Please email your photo to photochallenge@thephotoforum.com.

All photos must include the form when submitted. Just copy and paste it into your email. This will ensure that no mistakes are made when photos are submitted and therefore, hopefully, no photos are excluded. If the form is not included in the submission email the photo will not be included in the challenge gallery and voting process. 

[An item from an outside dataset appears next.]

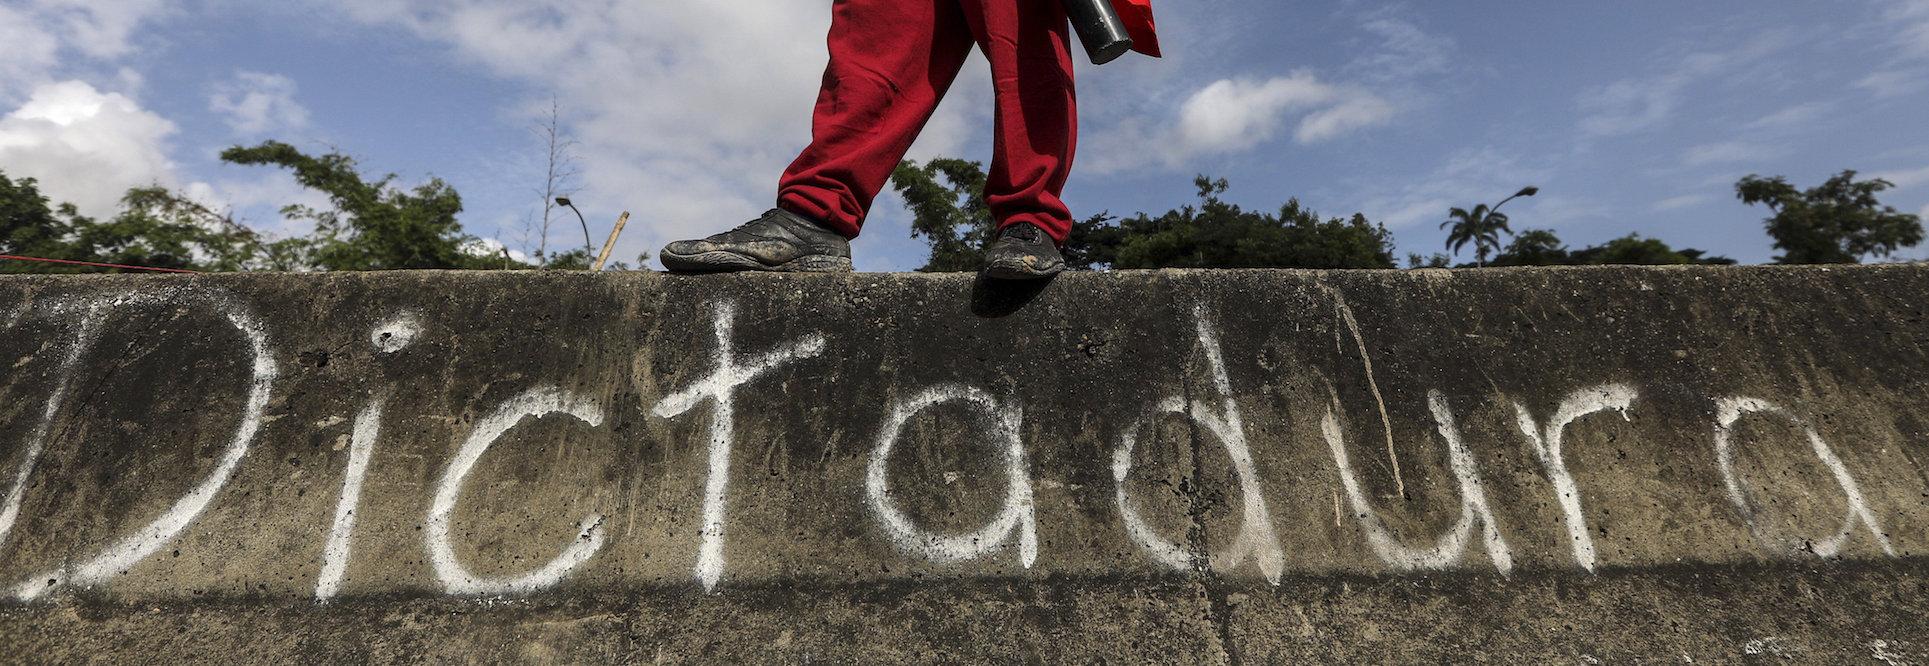 Running away from Venezuela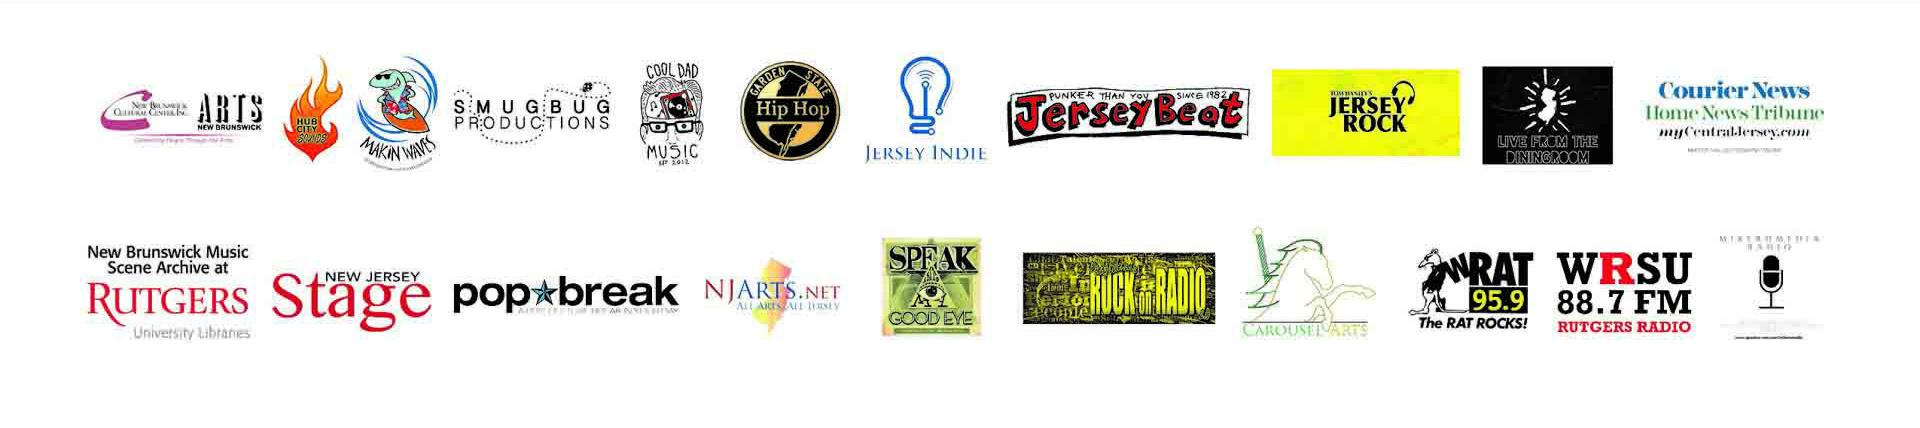 ROCK New Brunswick media partners.jpg

Good luck to everyone and have fun with this challenge!


----------



## bantor (Feb 2, 2006)

Very interesting topic.  I am looking forward to this one.


----------



## Matty-Bass (Feb 3, 2006)

ooh lines, my specialty as it were :mrgreen:


----------



## ScoobyRoo20 (Feb 5, 2006)

Is there a place with any exapamples?


----------



## ShaCow (Feb 6, 2006)

http://images.google.co.uk/images?q=lines&hl=en the first picture is interesting


----------



## SlySniper (Feb 12, 2006)

If this dosn't get over 60+ submissions, then I'll be damned.


----------



## photomaniac (Feb 13, 2006)

Hi! I'm new here. I was surfing about photos and your contest just hooked me up!
I hope to learn a lot here. I don't have a very good camera, but I'm looking for improvement.


----------



## photomaniac (Feb 13, 2006)

I forgot to ask: where do I post my photos?


----------



## ev13wt (Feb 13, 2006)

In!

Thank you for the chance! :thumbup:

Greetings from europe,

Ben


----------



## Chaplin (Feb 14, 2006)

AH! crap..i got a relli great shot!!! but i alreasdy submitted a photo, the one i submitted is rubbish compared to this one!


----------



## photograph-ny (Feb 14, 2006)

Chaplin said:
			
		

> AH! crap..i got a relli great shot!!! but i alreasdy submitted a photo, the one i submitted is rubbish compared to this one!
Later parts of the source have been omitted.